Я совсем умирился. И часто потом приходили мне эти мысли, открывшиеся на горе у церкви.

...Осенью царь дал Конституцию и Думу. Полились революционные речи, народ понемногу стал уже читать газеты, разговоры велись везде.

Однако эксцессы революции были подавлены правительством: войска, казаки и полиция были еще на стороне "общественного порядка". А народные массы еще не выросли из своего прежнего мирного и примирительного настроения. Старое пока оказалось сильнее.

Но эта победа была непрочна, так чувствовали многие из нас. Вместо обычного смирения начинали расти в народной душе раздражение и молчаливый протест. Дума тоже ничего особенного не дала. Первые два ее состава были распущены. Революционные элементы ее уехали в Финляндию и там выпустили "Выборгское воззвание". Но, признаюсь, я даже его, кажется, и не читал. Не оставило оно следа и в массах.

Поднимался в Думе вопрос о земле, но тоже бесплодно.

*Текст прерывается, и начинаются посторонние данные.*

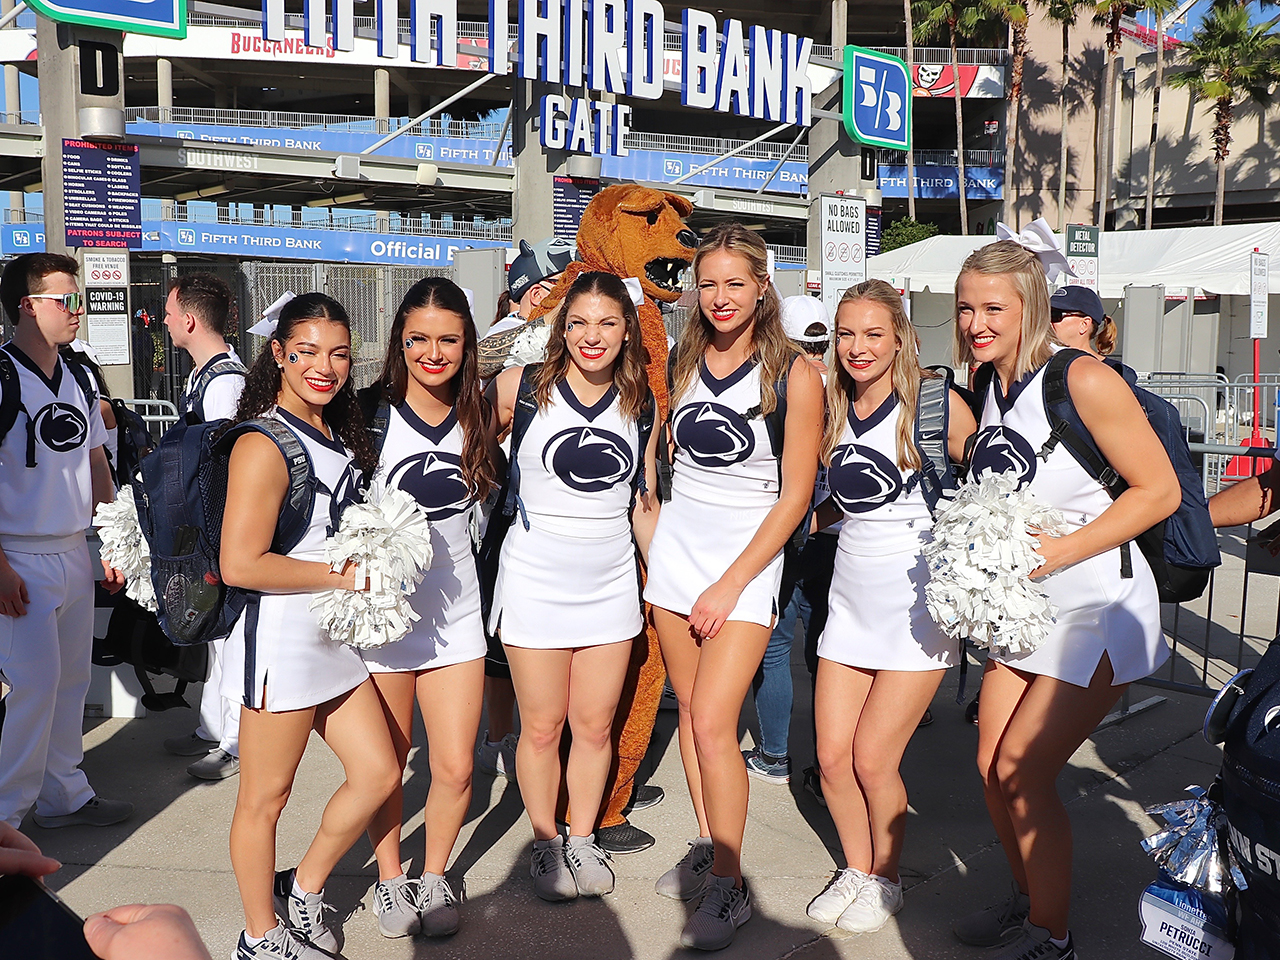 Penn State Cheerleaders and band stopped by the Bash

И как-то скоро образовалось неверие в эту говорильню. Мне думается, что в народе существовало неясное чувство, что и Дума - барское дело, а не народное, компромиссно-буржуазное, а не радикально-рабочее. Я думаю, тут было много правды, поэтому и к разгонам ее массы относились совершенно равнодушно, выбирали лениво новых думцев и успокаивались. Не видно было ярких перемен в жизни. Не было и сильных вождей ни с какой стороны.

Только один раз явился у трона многообещающий яркий человек П.А.Столыпин. Он бросил дерзновенно-крылатое слово революционной Думе: "Не запугаете!" Но это было сказано более смело, чем исторически прозорливо. Сам же он был убит в киевском театре, где был и царь, провокатором Богровым, а революция продолжала тихо расти... Кстати, позволю высказать свое мнение неопытного "тоже политика". Ему приписывалась некоторыми будто бы гениальная спасительная идея земледельческой системы, так называемого хуторского хозяйства; это, по его мнению, должно было укрепить собственнические чувства крестьян-хуторян и пресечь таким образом революционное брожение... Не знаю, верно ли сформулировал его идею. Тогда я жил в селе и отчетливо видел, что народ против нее. И причина была простая. Из существующей площади - даже если бы отнять все другие земли; удельные, помещичьи, церковные и монастырские - нельзя было наделить все миллионы крестьян восьмидесятинными хуторами, да и за них нужно было бы выплачивать. Значит, из более зажиточных мужиков выделилась бы маленькая группочка новых владельцев, а массы остались бы по-прежнему малоземельными. В душах же народа лишь увеличилось бы чувство вражды к привилегиям "новых богачей". Да и вообще, спасать русский народ лишь буржуазным соблазном личной корысти было совсем неглубоко, недуховно, негосударственно. Православный великорусский народ привык к общинному укладу жизни. И хутора в народе провалились. В нашей округе едва ли нашлось три-четыре семьи, выселившиеся на хутора. Дело замерло, оно было искусственное и ненормальное. А народ наш разумен и нравственно солидарен: если уж устраиваться, то всем, а если уж страдать, то тоже всем.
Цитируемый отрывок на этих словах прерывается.